Sunday, August 22, 2004

Docu calls WMDs a big neo-con job

UNCOVERED: THE WAR ON IRAQ Documentary by Robert Greenwald. (1:23). At the Angelika, the Sutton. Unrated.



In March 2003, the Bush administration knew with professed certainty that Iraq had weapons of mass destruction and would use them on us.

Now we know that the only way Saddam could have had biological, chemical and nuclear weapons then was if he'd rubbed a lamp and been granted three wishes.

Didn't anybody in the intelligence community or among all the President's men know that?

The answer, in Robert Greenwald's despairing documentary, "Uncovered: The War on Iraq," is yes. Plenty of people in the know knew - people with backgrounds ranging from the CIA to the Iraq inspection teams to the Bush administration itself.

But according to their testimony in this film, Bush was so intent on invading Iraq, and initiating a Middle-East plan that his neo-con advisers had hatched years before 9/11, that their reservations were ignored.

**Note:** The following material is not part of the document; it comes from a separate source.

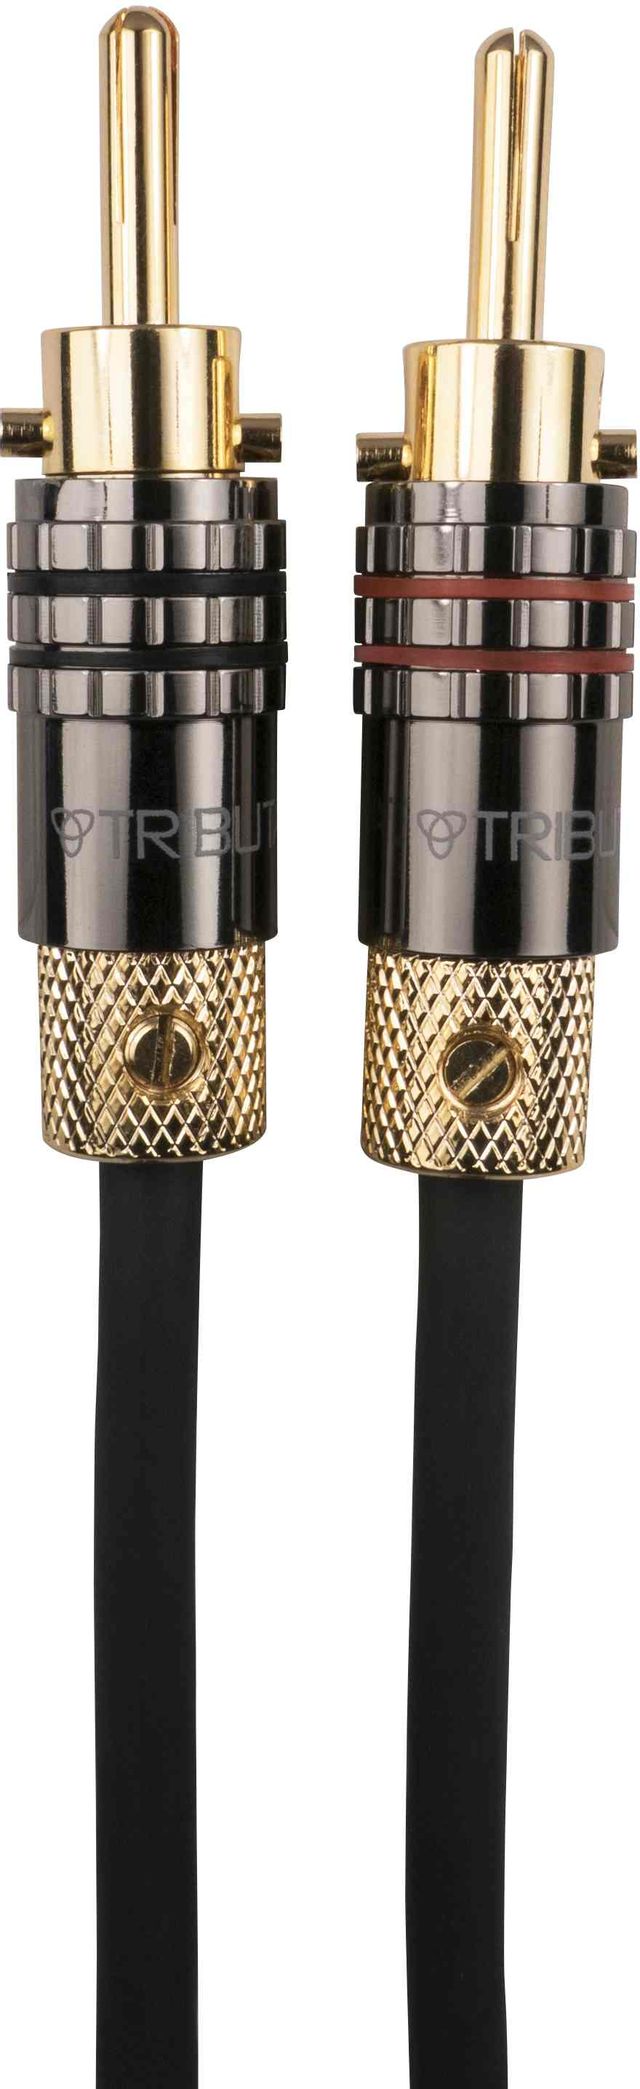 Tributaries® Series 8 4 Ft. Banana Plugs Speaker Cable
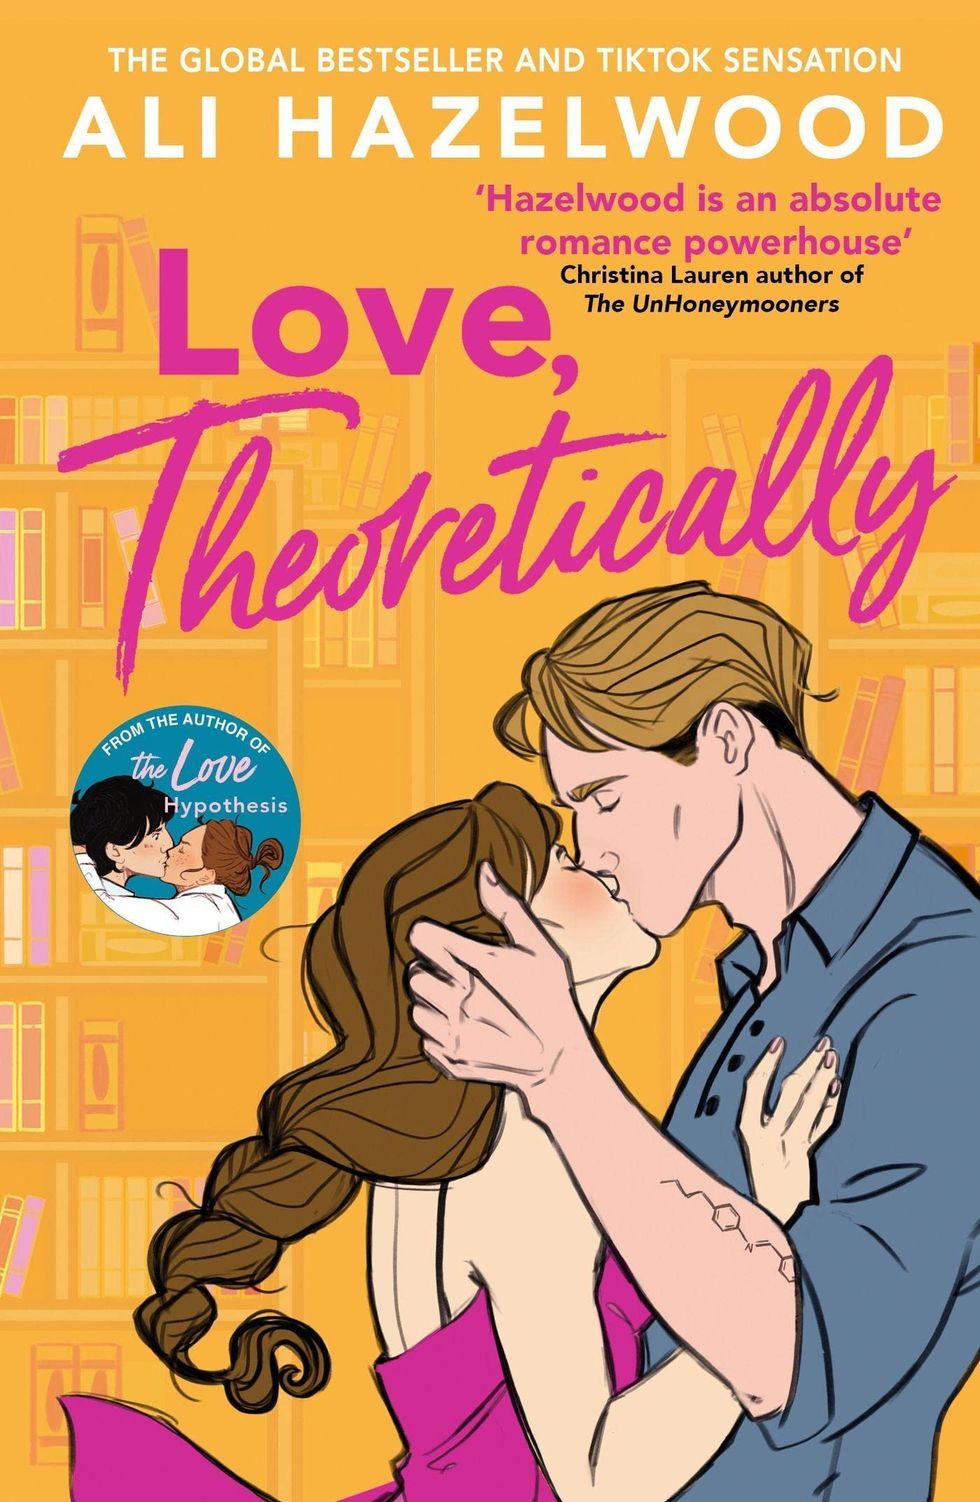 Love Theoretically by Ali Hazelwood

This is Greenwald's second attack on the right this month. His "Outfoxed: Rupert Murdoch's War on Journalism," was released in theaters two weeks ago.

But he doesn't resort to any of the editorial flim-flam and smug theater that undermines the credibility of Michael Moore's "Fahrenheit 9/11." To a careful follower of post-9/11 political news, there is nothing in "Uncovered" that should come as a surprise. Excluding Fox News, it's all been covered.

But recapping it in one tight, 83-minute film, and placing his sources in front of the camera, Greenwald has created a crisp historical document that is worth your time, even if the information in it was not worth the President's.